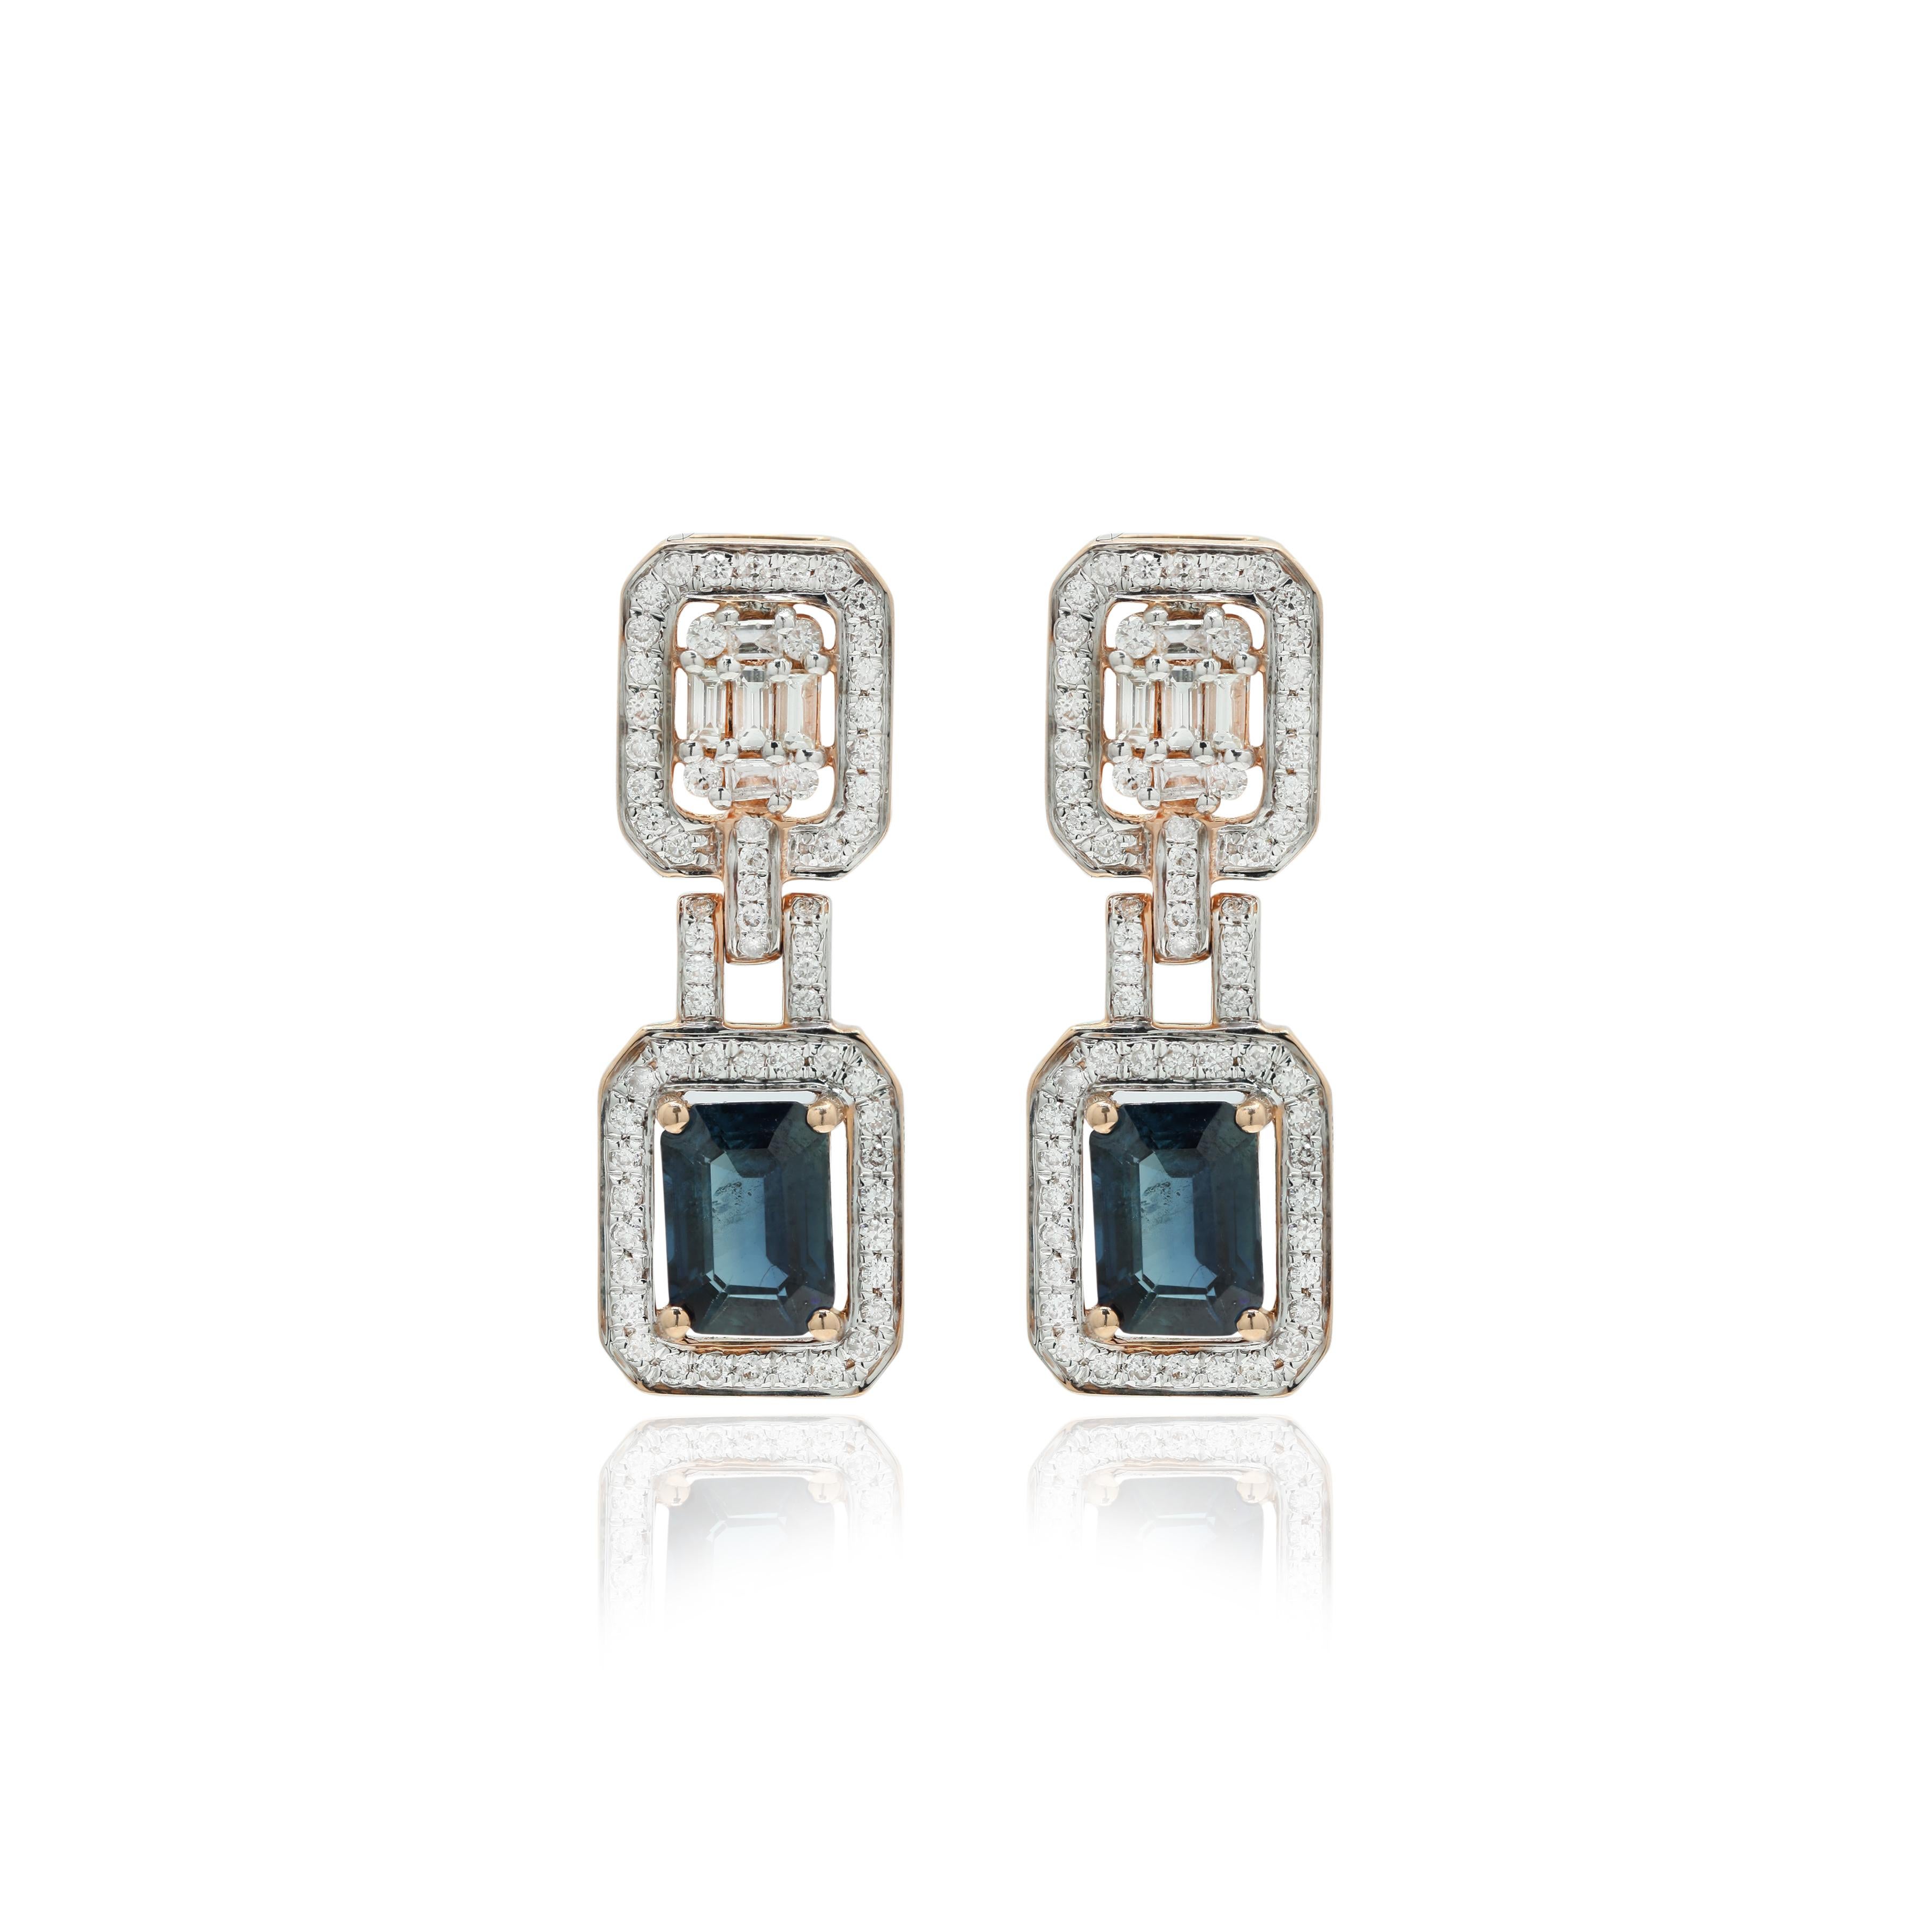 Blue Sapphire and Diamond Dangle Earrings to make a statement with your look. These earrings create a sparkling, luxurious look featuring octagon cut gemstone.
If you love to gravitate towards unique styles, this piece of jewelry is perfect for
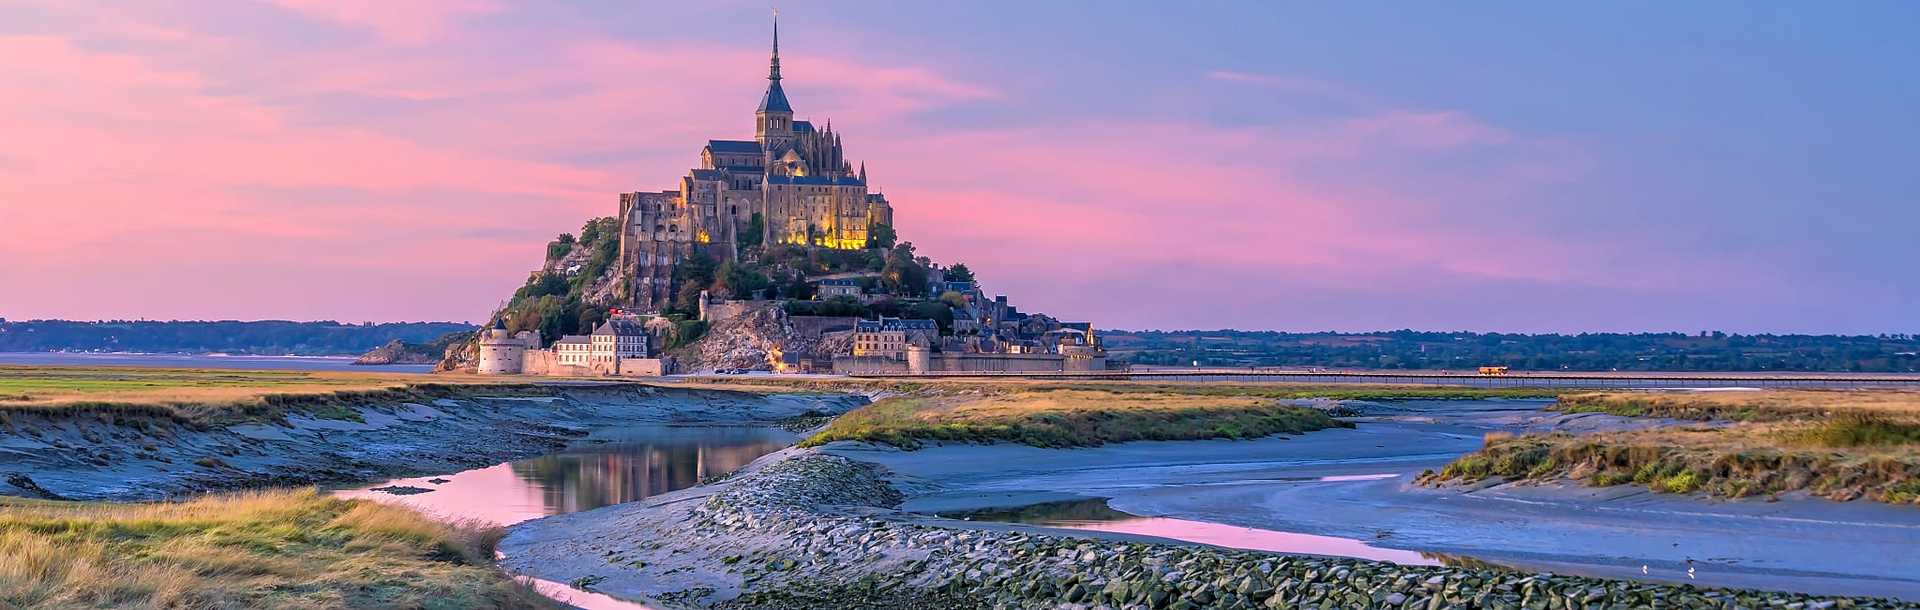 Mont Saint Michel in the Normandy region of France
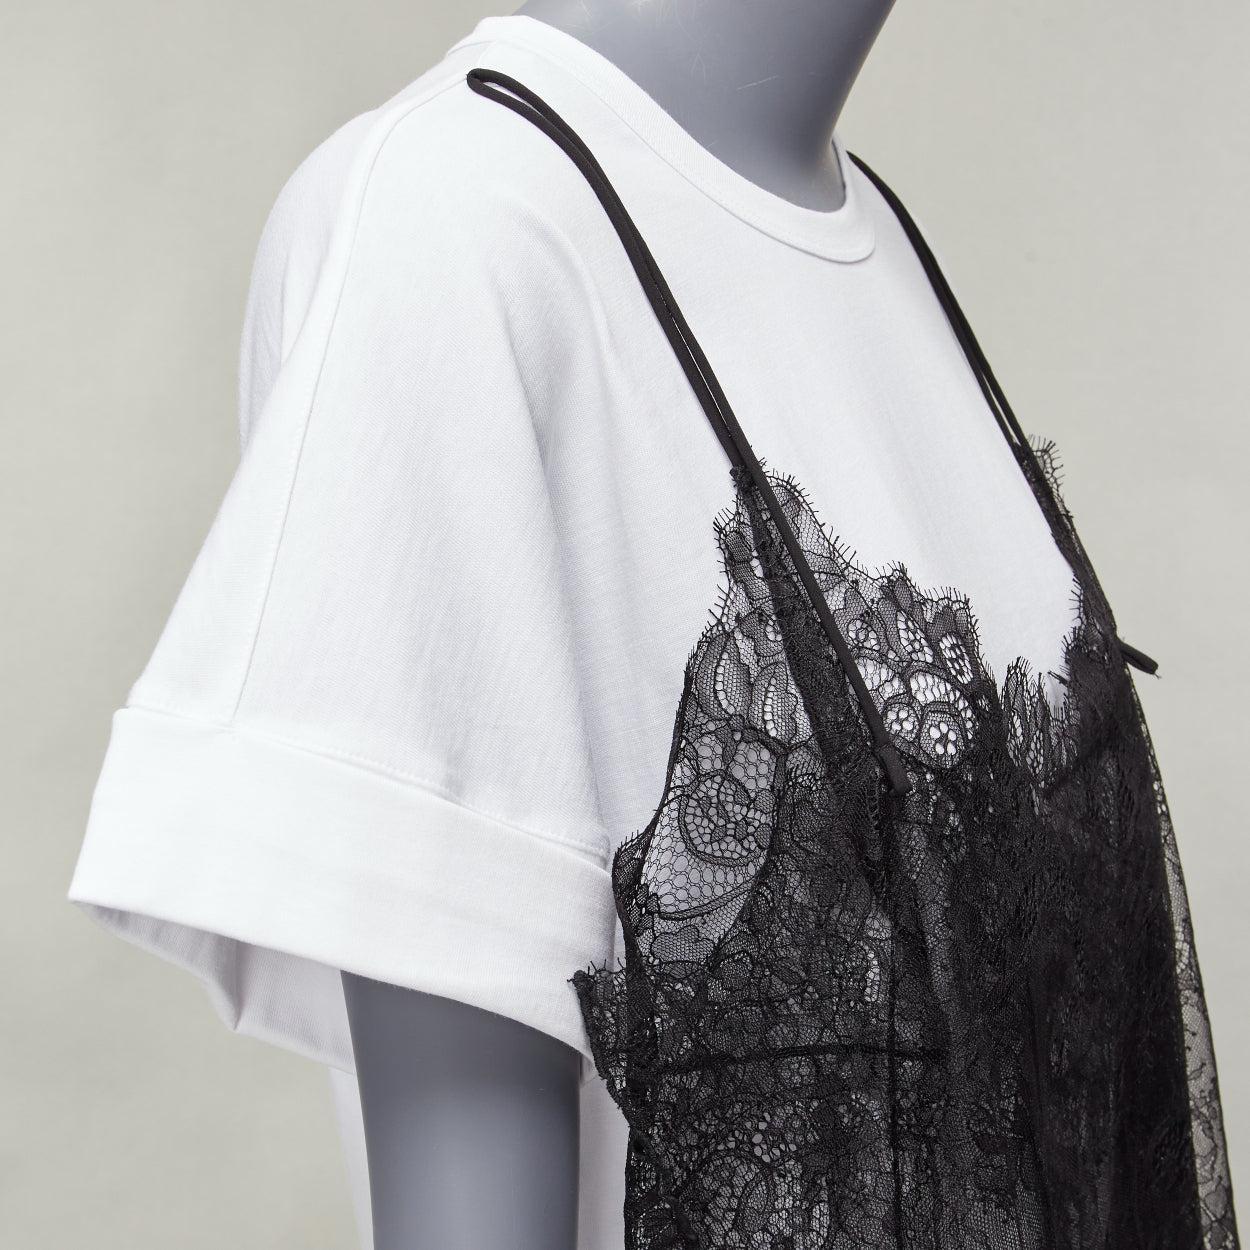 PHILOSOPHY Lorenzo Serafini tromp loiel draped silk camisole white tshirt XS
Reference: AAWC/A00749
Brand: Philosophy
Designer: Lorenzo Serafini
Model: 211G A07050746
Material: Cotton
Color: White, Black
Pattern: Solid
Closure: Pullover
Extra

(Directions for this task) The material above is to be transcribed exactly, with all pictures omitted.

(Result of the task)
 Blue Sapphire and Diamond Dangle Earrings to make a statement with your look. These earrings create a sparkling, luxurious look featuring octagon cut gemstone.
If you love to gravitate towards unique styles, this piece of jewelry is perfect for
 Mont Saint Michel in the Normandy region of France
 PHILOSOPHY Lorenzo Serafini tromp loiel draped silk camisole white tshirt XS
Reference: AAWC/A00749
Brand: Philosophy
Designer: Lorenzo Serafini
Model: 211G A07050746
Material: Cotton
Color: White, Black
Pattern: Solid
Closure: Pullover
Extra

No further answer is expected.